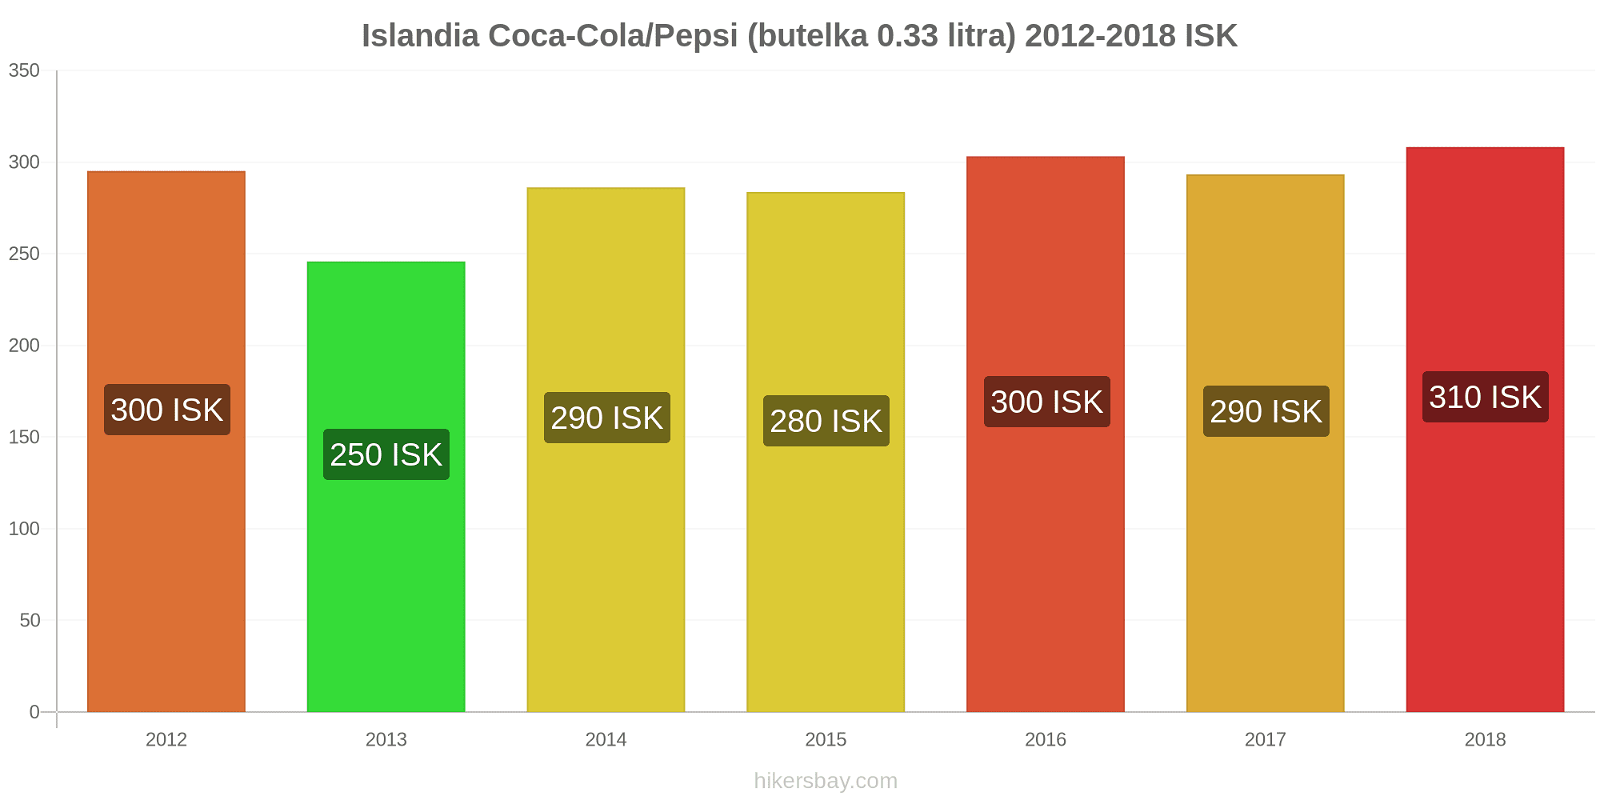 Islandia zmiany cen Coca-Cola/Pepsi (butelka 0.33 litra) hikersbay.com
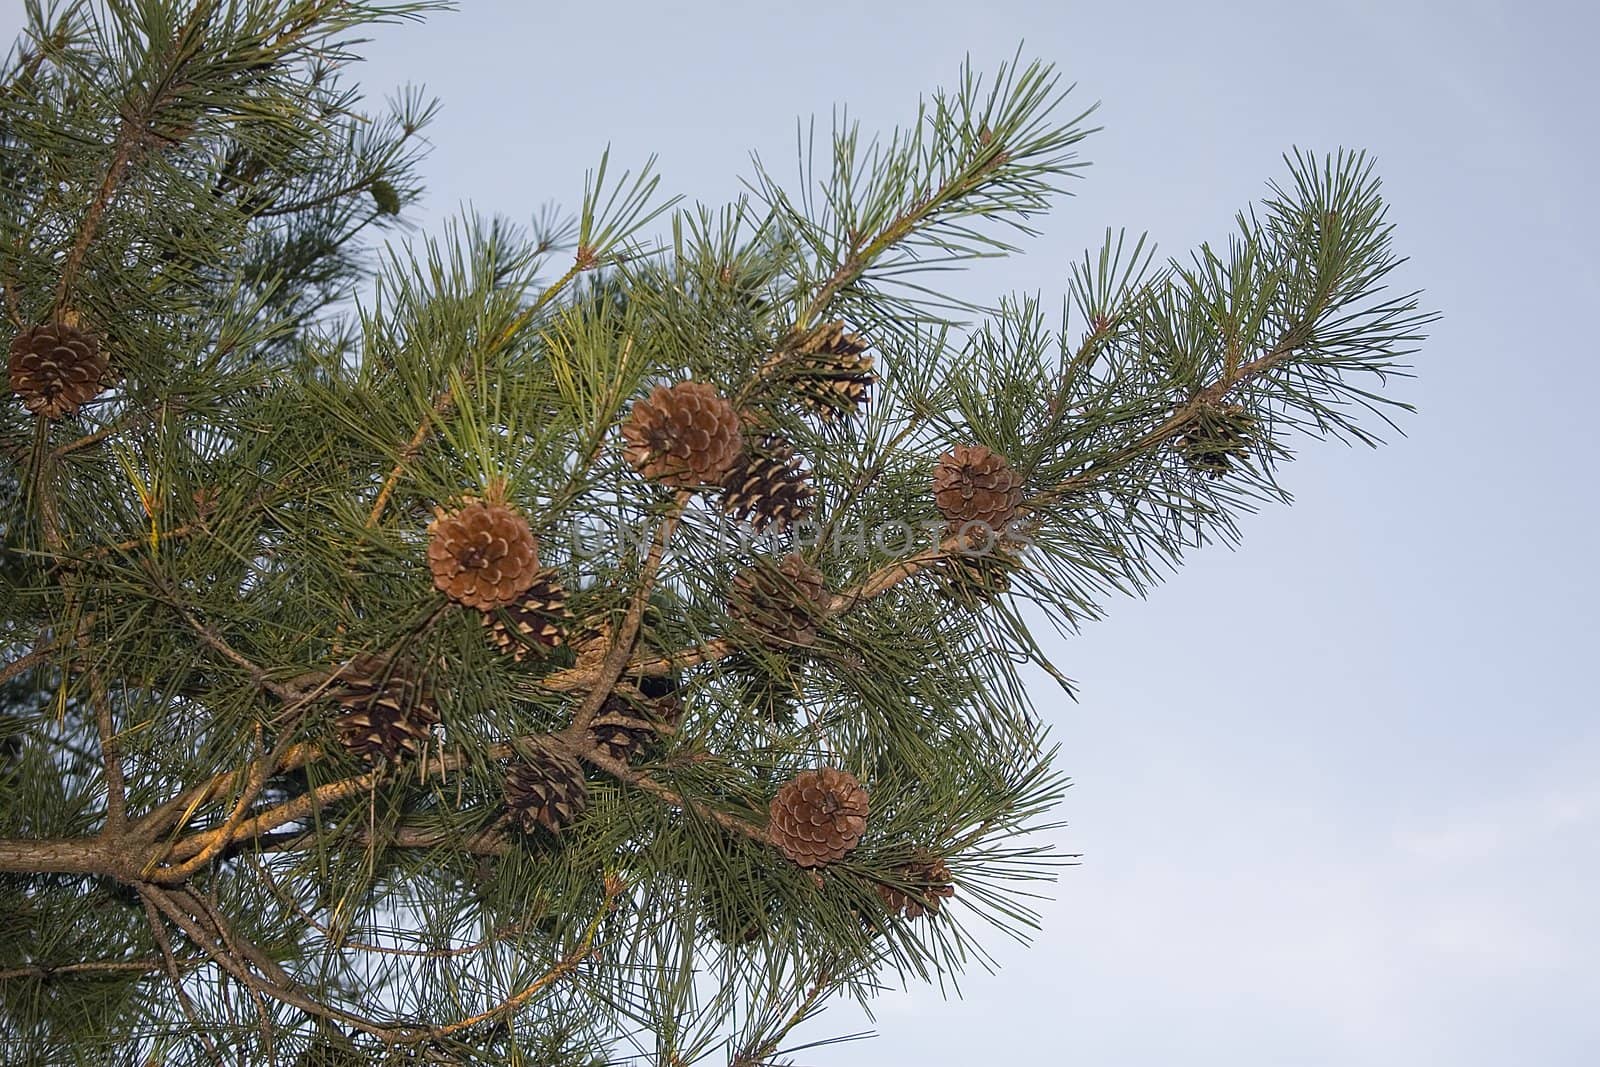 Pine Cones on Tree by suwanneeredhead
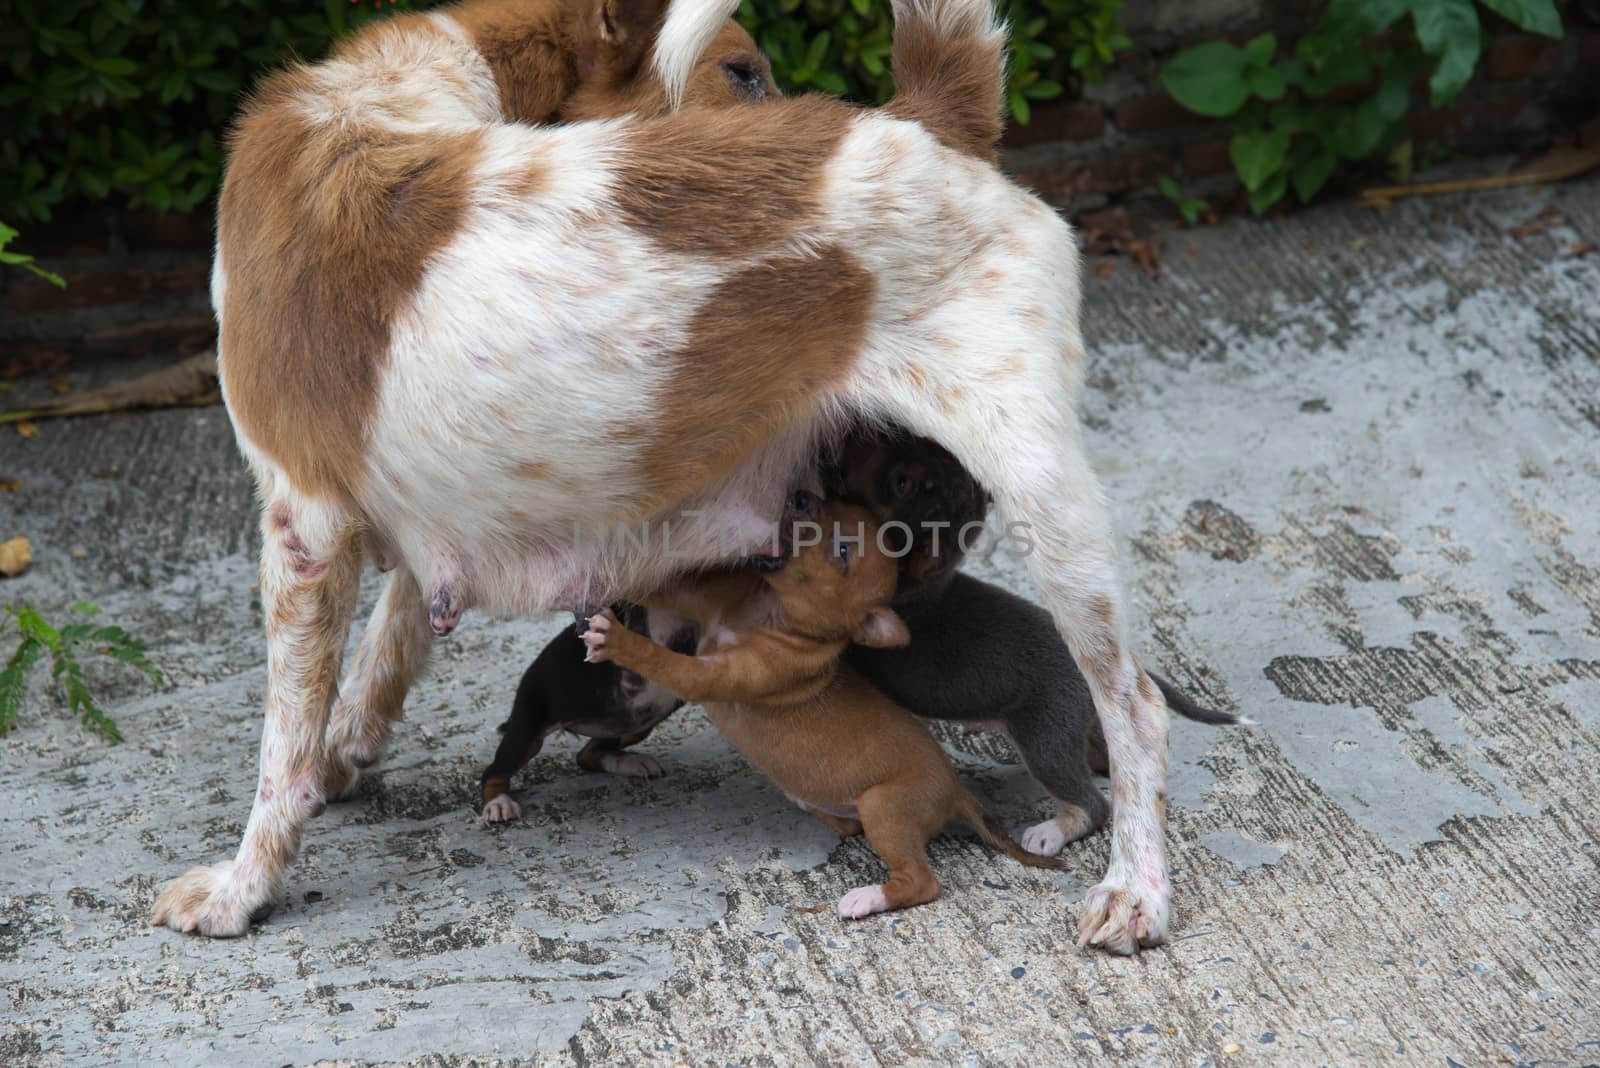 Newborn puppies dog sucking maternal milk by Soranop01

------------------------------------------------------------------------

§ **Your instructions**
With pictures excluded, output the listing above exactly as it stands.

§ **Solution**
 Islandia zmiany cen Coca-Cola/Pepsi (butelka 0.33 litra) hikersbay.com
 Pine Cones on Tree by suwanneeredhead
 Newborn puppies dog sucking maternal milk by Soranop01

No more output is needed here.